WHAT IS NEEDED: The required answer is the data below, restated word for word with images omitted.

COLLECTED MATERIAL:
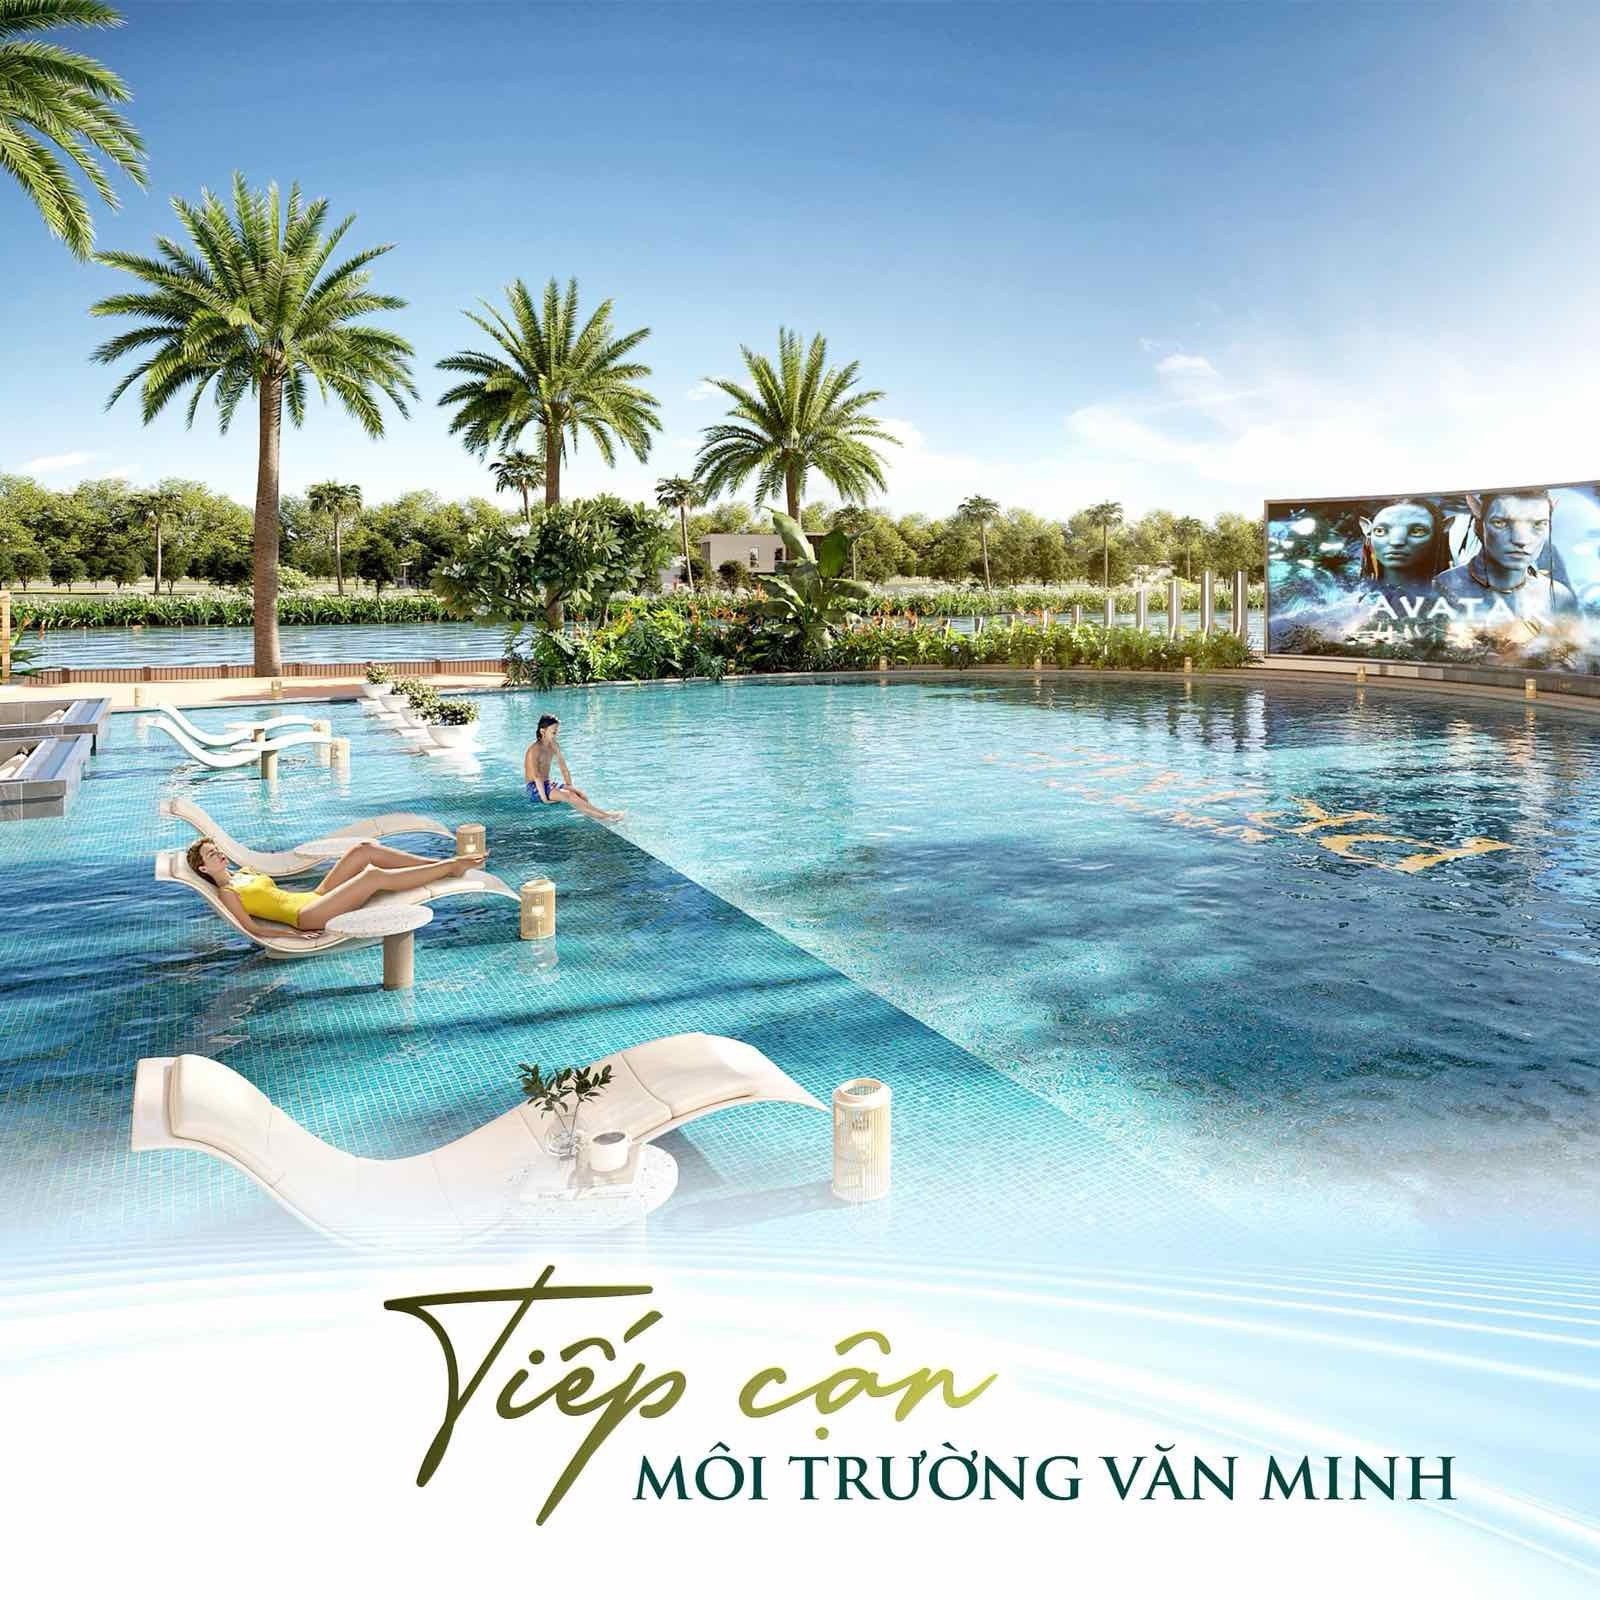 Trả trước 700 triệu Thanh Toán Linh Hoạt 0.5%/Tháng, Hỗ Trợ Lên Đến 8 Năm 2
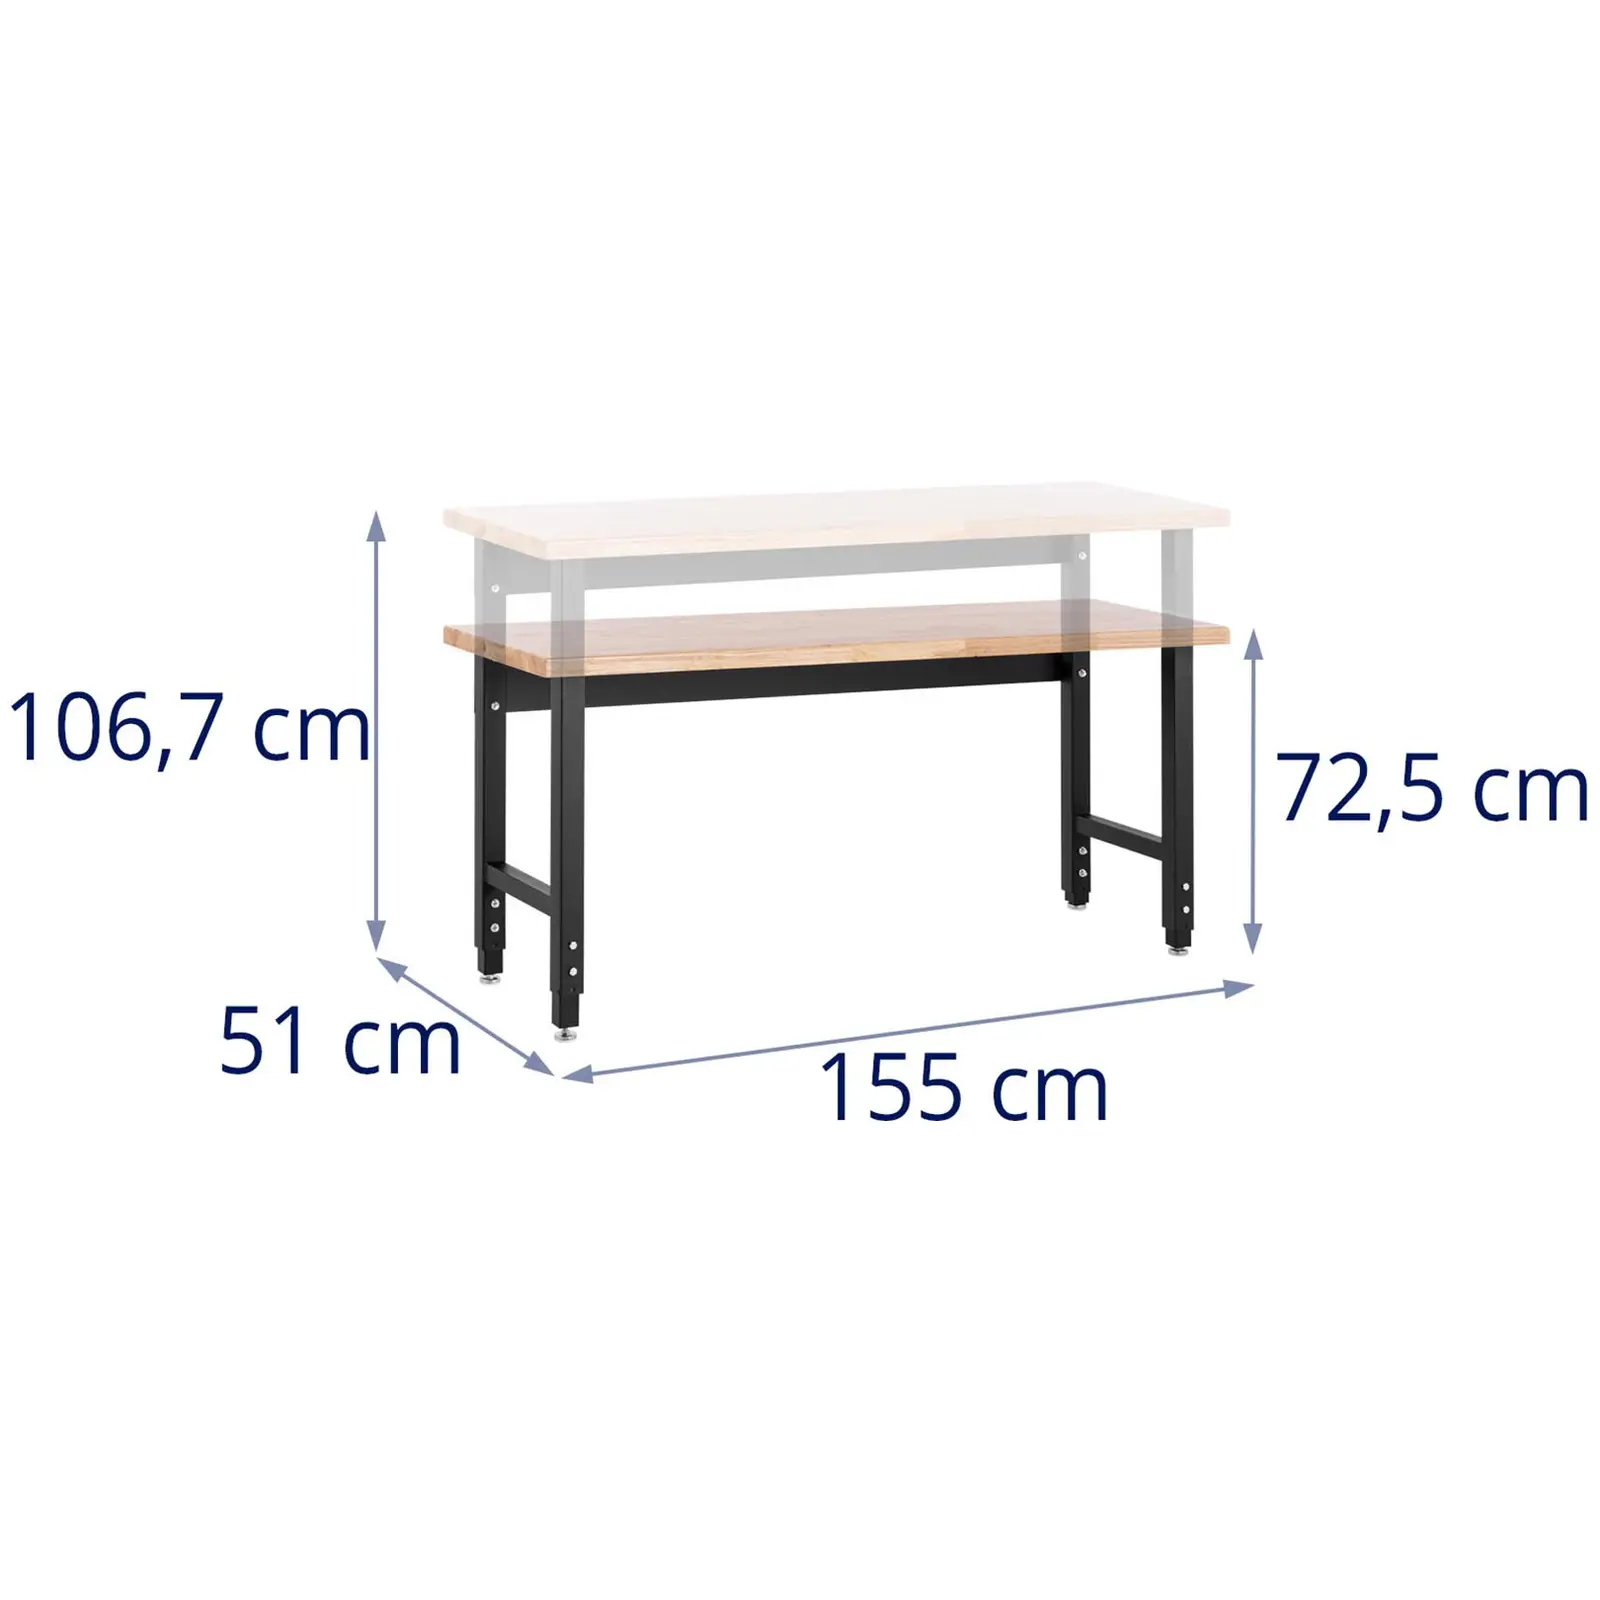 Stół warsztatowy - 155 x 51 cm - regulowana wysokość 72,5-106,7 cm - 680 kg
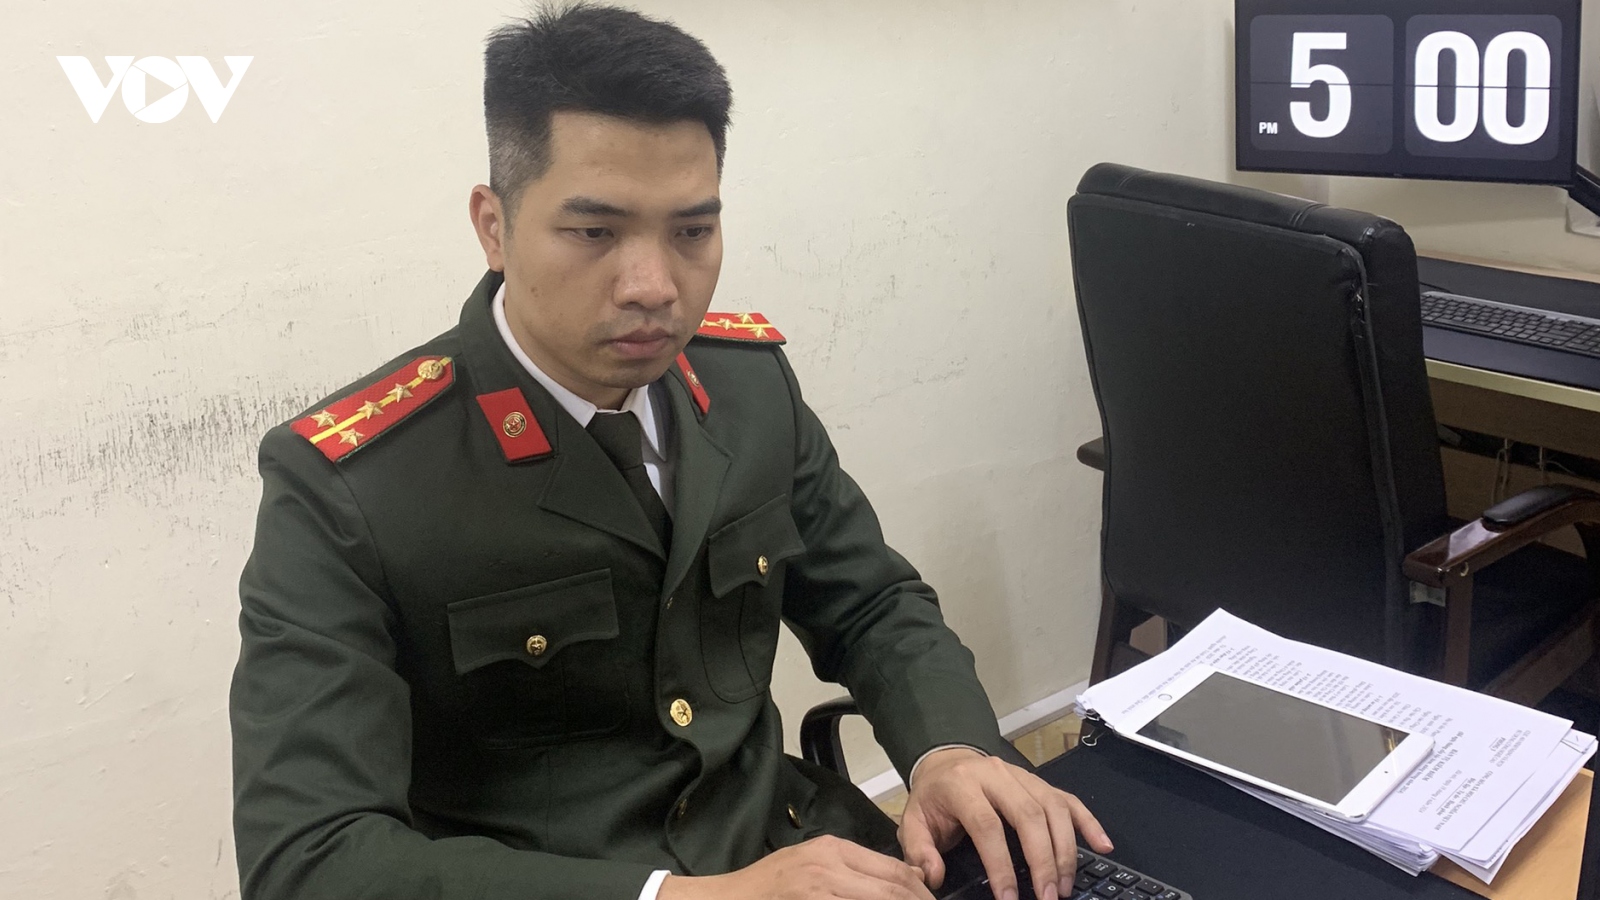 Gương mặt trẻ Việt Nam tiêu biểu: Đại úy công an phá nhiều chuyên án trên mạng
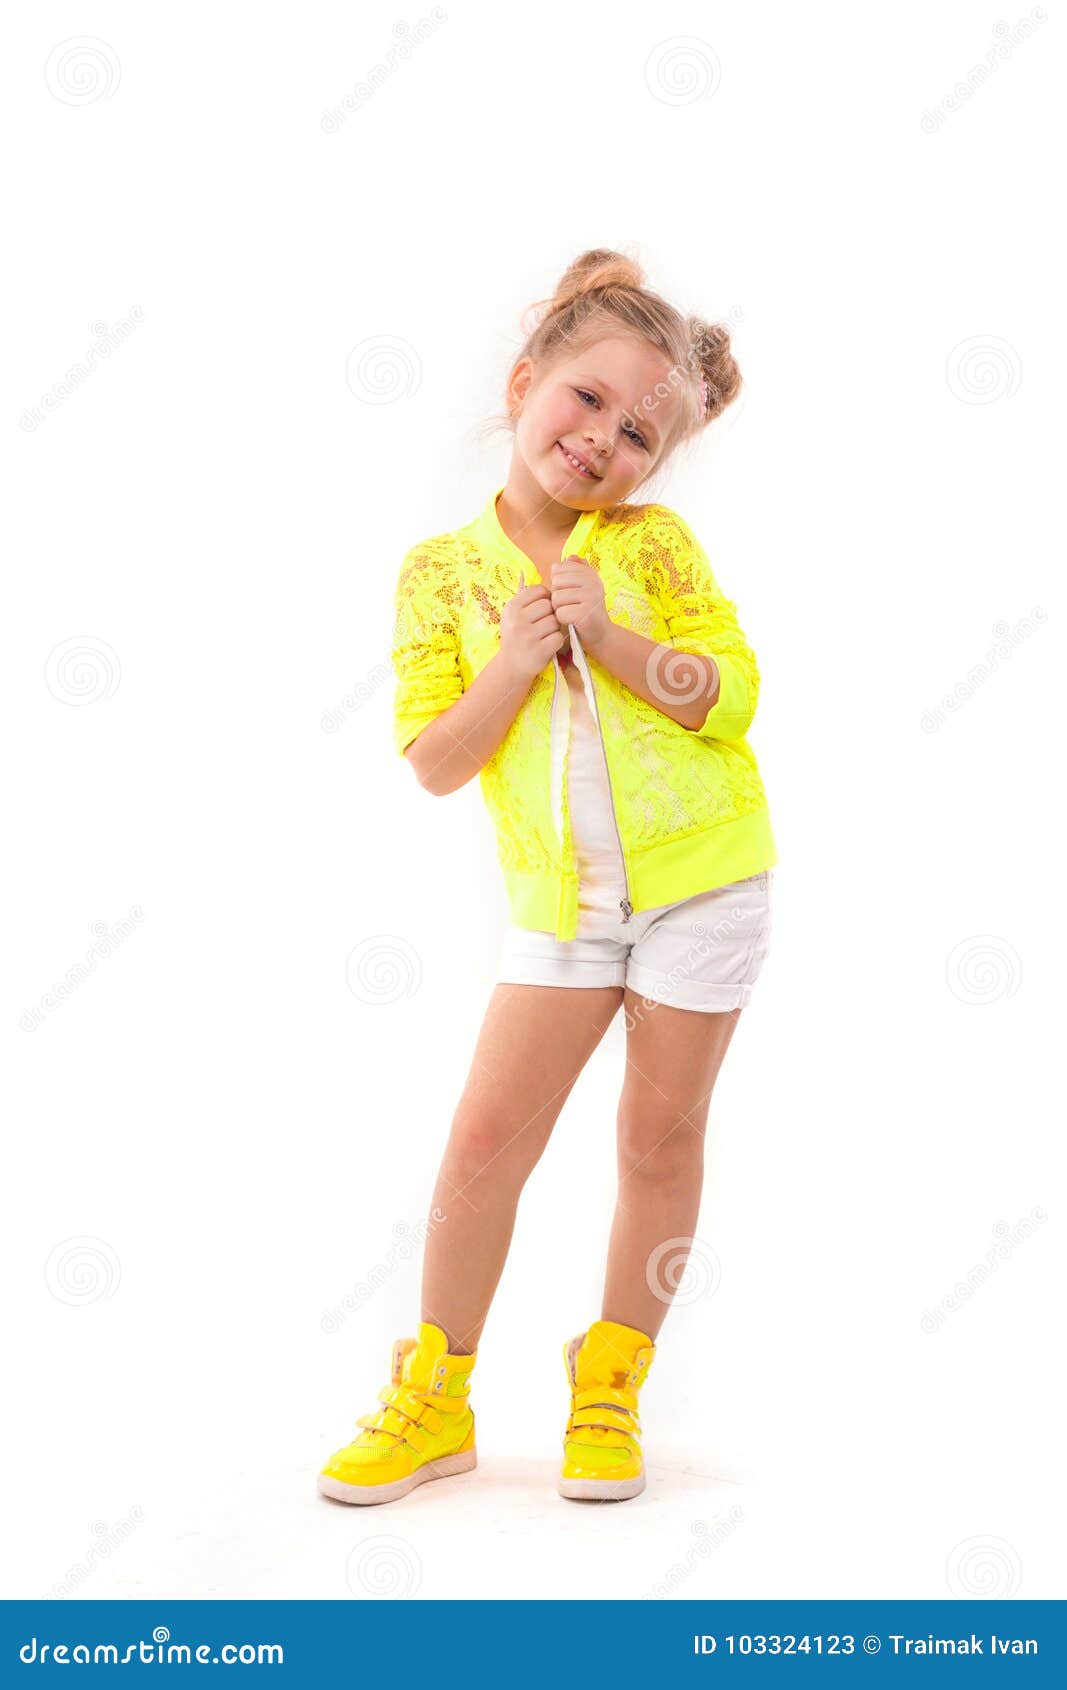 Niña Bonita En Camisa Amarilla, Los Pantalones Cortos Blancos Y Las Botas  Amarillas Imagen de archivo - Imagen de retrato, estilo: 103324123

EXPECTED ANSWER:
 Trả trước 700 triệu Thanh Toán Linh Hoạt 0.5%/Tháng, Hỗ Trợ Lên Đến 8 Năm 2
 Stół warsztatowy - 155 x 51 cm - regulowana wysokość 72,5-106,7 cm - 680 kg
 Gương mặt trẻ Việt Nam tiêu biểu: Đại úy công an phá nhiều chuyên án trên mạng
 Niña Bonita En Camisa Amarilla, Los Pantalones Cortos Blancos Y Las Botas  Amarillas Imagen de archivo - Imagen de retrato, estilo: 103324123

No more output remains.